Include a careful documentation of injuries in the physical examination. Depending on the voltage, some differences exist when examining the patient. Because litigation may well be involved at a later date, photographs of the injuries should be taken, with proper releases, and filed in the patient's medical records.

  • High voltage (and occasionally, low voltage with flash burns): Burns characterize these cases. Some attention to the characteristics and nature of the burns assist in treatment.
    • Flash or thermal burns
      • These are observed in some low-voltage (usually 480 V) and occasionally in high-voltage injuries.
      • These burns appear to be indistinguishable from ordinary thermal burns and often do not have an internal electrical component.
      • Using the same techniques as with any burn case, diagram the body areas and estimate severity.
    • Arc burns of a circuit with the patient in the circuit
      • Arc burns characteristically have a dry parchment center and a rim of congestion about them. The central parchment area may be smaller than 1 mm or may be as large as several centimeters.
      • Recognition of these injuries is important in assessing the extent of internal damage, as the pathway of the circuit may be estimated.
    • Contact burns
      • Contact electrical burns generally have a pattern from the contacted item (branding) and are generally more limited in size than flash burns, although their appearance in the ED is nearly identical to flash burns.
      • One means of distinguishing between the 2 burns involves hair-bearing skin; in such skin, a contact burn of apparent full thickness has unburned hair, whereas a flash burn always singes the hair. The hair is generally gone following transport to the ED.
    • Documenting types of burns
      • Arc and contact burns are associated with internal electrical injury; flash burns are not.
      • Entrance and exit burns in alternating electrical injuries are not possible because AC does not produce such wounds. In general, burns are usually on the skin where the person touched an energized circuit and where he or she was grounded. These are markers of where the circuit traversed the body.
  • Low voltage: Low-voltage injuries may involve flash burns from various sources. These behave exactly as ordinary thermal burns and should be documented as such.
    • Arcing burns
      • Arcing burns are not observed in low-voltage injuries.
      • Thermal burns from arcs, in which the arc traveled from an energized conductor to a grounded conductor, are observed. These are the flash type.
    • Direct contact burns
      • Direct contact burns are observed only if the circuit through the person was prolonged for more than a few seconds.
      • Low voltage contains insufficient heat to produce skin burns quickly. Thus, the areas where electrical contact occurred often are not distinguishable on physical examination or only exhibit focal erythema.
  • Lightning: Findings in a lightning strike victim are widely variable. Burns generally are not significant but should be documented. They generally are of the flash type. Singeing of the hair without burning is characteristic. Look for the following items, which are not routine:
    • Scrotal and penile burns
      • In males, occasional burning occurs on the undersurface of the scrotum.

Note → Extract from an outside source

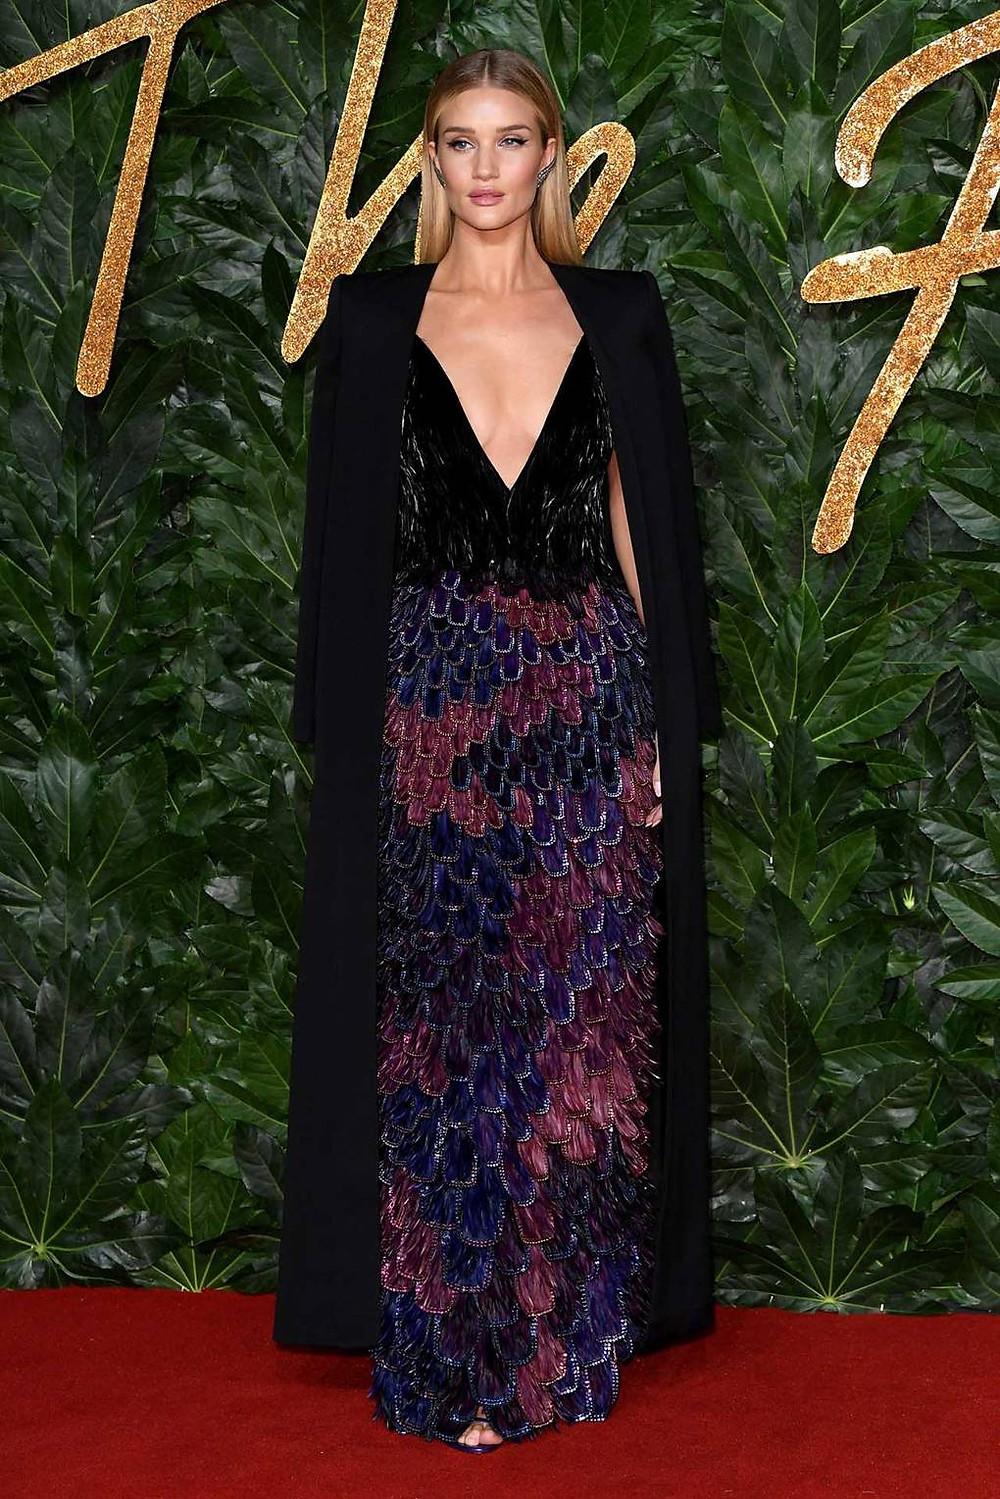 Rosie Huntington-Whiteley in Givenchy.

This injury needs to be identified for early treatment.
      • The postictal state with which the usual lightning strike patient presents often makes early identification of these lesions from complaints of pain unlikely.
    • Ear lesions
      • The presence of perforation of the eardrum is an occasional feature in a patient struck by lightning. Hemorrhage behind the intact drum is probably more common.
      • An otoscopic examination should be included when examining a patient struck by lightning.

Causes

Electrical injuries are caused when a person becomes part of an electrical circuit or is affected by the thermal effects of a nearby electrical arc. The most common classifications of these injuries are lightning, high-voltage and low-voltage AC, and DC.

  • Lightning
    • Lightning injuries occur when the patient is part of or near the lightning bolt.
    • Generally, the patient was the tallest object around or near a tall object, such as a tree. While a thunderstorm is always in the vicinity, the overhead sky can be clear.
  • High-voltage alternating current
    • High-voltage injuries most commonly occur when a conductive object touches an overhead high-voltage power line.
    • In the United States, most electric power is distributed and transmitted by bare aluminum or copper conductors, which are insulated by air. If the multiple feet of air are breached by a conductor (eg, aluminum pole, antennae, sailboat mast, crane) and a person is on the ground at the time the conductor becomes energized and is touching the conductor, that person is injured.
    • Rarely, patients get into electrical switching equipment and directly touch energized components.
  • Low-voltage alternating current
    • Generally, 2 types of low-voltage AC injuries are possible: the child who bites into the cord producing severe lip, face, and tongue injuries and the child or adult who becomes grounded while touching an appliance or other object that is energized.
    • The latter type is declining in frequency in North America because of the use of ground fault circuit interrupters (GFCIs or GFIs) in circuits that supply kitchens, bathrooms, or the outside, since these are places where persons easily may become grounded. GFCIs stop current flow in the event of a leakage current (ground fault) if the ground fault is greater than 0.005 amps (0.6 W at 120 V).
  • Direct current
    • DC injuries generally are encountered when young males inadvertently contact the energized rail of an electrical train system while grounded.
    • This sets up a circuit, which produces myonecrosis and electrical burns.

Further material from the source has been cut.